Tim Lambert's Vendetta.com blogsite

December 04, 2005  ·  Michael Fumento  ·  Weblog

There are lots of reasons people blog. One may be that nobody else would ever publish their material. Some of these people nevertheless fill a valuable niche that just doesn't appeal to outside publications; others are simply inept. The latter describes Tim Lambert and his Deltoid blogsite. An anti-American Aussie, he regularly displays his ignorance on a wide variety of issues, perhaps in the belief that quantity makes up for quality.

To the extent Lambert is recognized for anything, it's probably for his embarrassing defense of the pre-election surprise paper in The Lancet that desperately tried to show that Americans had killed 100,000 civilians in Iraq. (At the time Human Rights Watch was using a figure of about 15,000 as was bin Laden himself!) Ever since I first chided him for thinking his blog had the least ability to support his Jihadist friends, he's made it one of his missions in life to try to hurt me personally. He has a separate motive in that when I've posted responses on his website his traffic shoots up. Once I recognized that I bit my tongue and posted no more responses, though he has taunted me frequently in a vain effort to get me to do so.

So instead he merely claims I have posted on his website, using a false name. In blogging terminology, that's using a "sockpuppet." He claims he's compared my IP address to that of the alleged sockpuppet's and they're the same. Problem is, the only proof is is his word and this is the word of not just anybody but of Tim Lambert. Conversely, when John Lott used his "Mary Rosh" sockpuppet, numerous people were able to confirm that Roush's and Lott's IP address were the same. [I wrote this in error: Turns out when Lott's IP address was correlated with Roush's, he immediately admitted he and Roush were the same. This puts him far above Lambert, who when caught red-handed admitted to nothing.]

At the same time, Lambert has accused me of rewriting my own Wikipedia entry. Actually he rewrote it; I attempted to strike it. (I couldn't, for the wonderful reason that Lambert was there first.) Why did I try to strike it? I don't feel encyclopedia entries are the places for vendettas. It's not appropriate in the Encyclopedia Britannica nor is it in Wikipedia.

Ah, but the plot thickens. Among Lambert's few friends is John Fleck, whose blog is inkstain. (Another type of stain comes to mind, but whatever.) Fleck wrote of my "latest blubbering discussion with Tim Lambert." But as I've said, Lambert's pathetic efforts to lure me into "discussion" have failed. No discussion; ergo no "blubbering" discussion. But if Lambert had said that on his site it would have left his few readers scratching their heads, so Fleck posted it instead. Fleck, therefore, is a human sockpuppet. Not the sort of career to which most of us would aspire. In his Dec. 5 posting, Fleck also admitted that which Lambert would not: "There's this strange sort of schoolyard bully pleasure in taunting Michael Fumento." That Fleck says this with blood cascading from his broken nostrils is besides the point.

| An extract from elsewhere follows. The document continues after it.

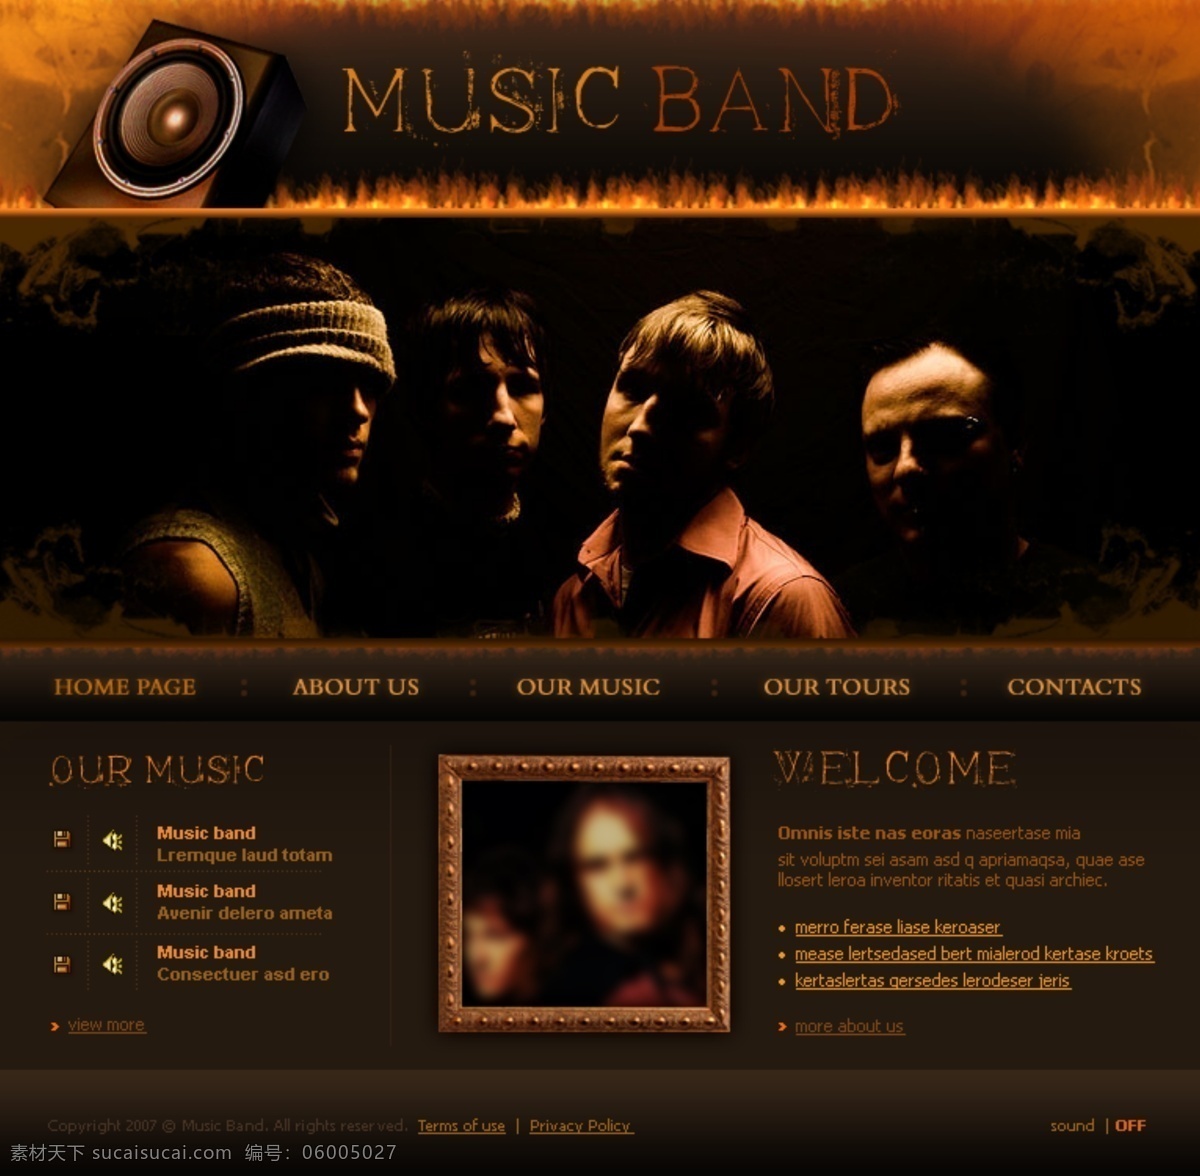 国外 乐队音乐 制作 网页设计 乐队 音乐 网页 web 界面设计 英文模板 黑色
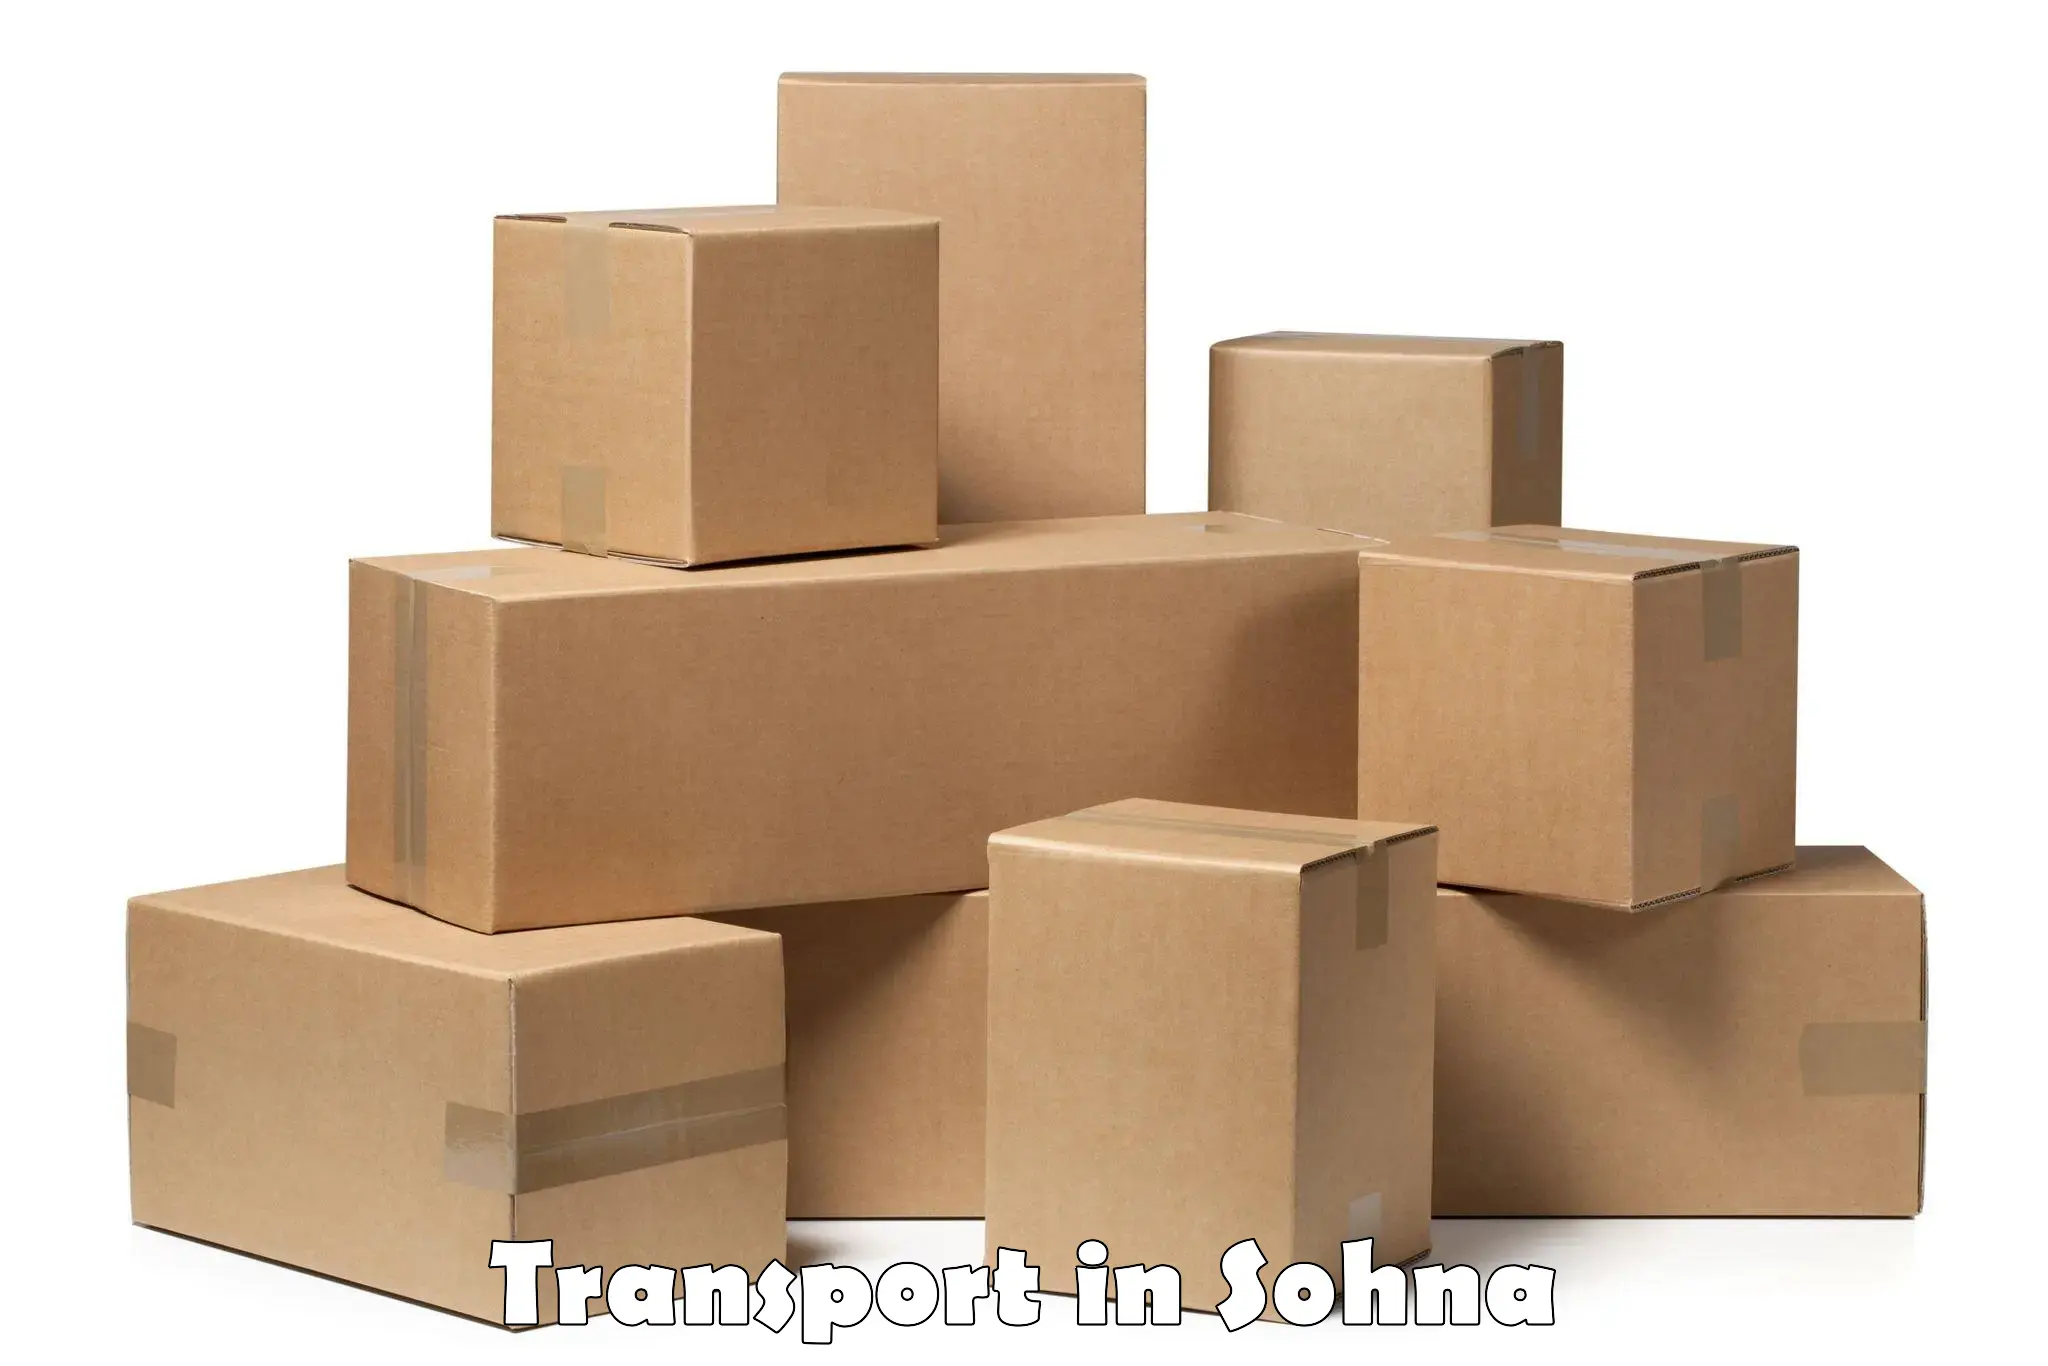 Furniture transport service in Sohna

But it gets better yet. In a discussion group of self-described Aussie lefties to which Lambert belongs, our hero is charged with using at least two different false names to post comments on his own Deltoid website, "Kevin Donahue" and "Robert Johnson." Directly and repeatedly confronted with this Lambert repeatedly refused to respond, though he did respond to other aspects of the discussion. After Lambert ignored the accuser one time too many the other writer blasted him. "Sure, you are allowed to post anything you like on your site," he said. "But please spare us the pious talk that you support the truth. When you go around hitting others across the head for using aliases and then get found out doing that yourself--you come out looking like a cheap creep."

Right. Tim Lambert, thy name is Mary Roush.

Lambert is a pathetic individual whose actions do not represent what the blogosphere is supposed to be about. And while yes, in a real sense writing in general and blogging specifically can be considered "therapeutic," a keyboard is no substitute for professional therapy and psychotropic medicine.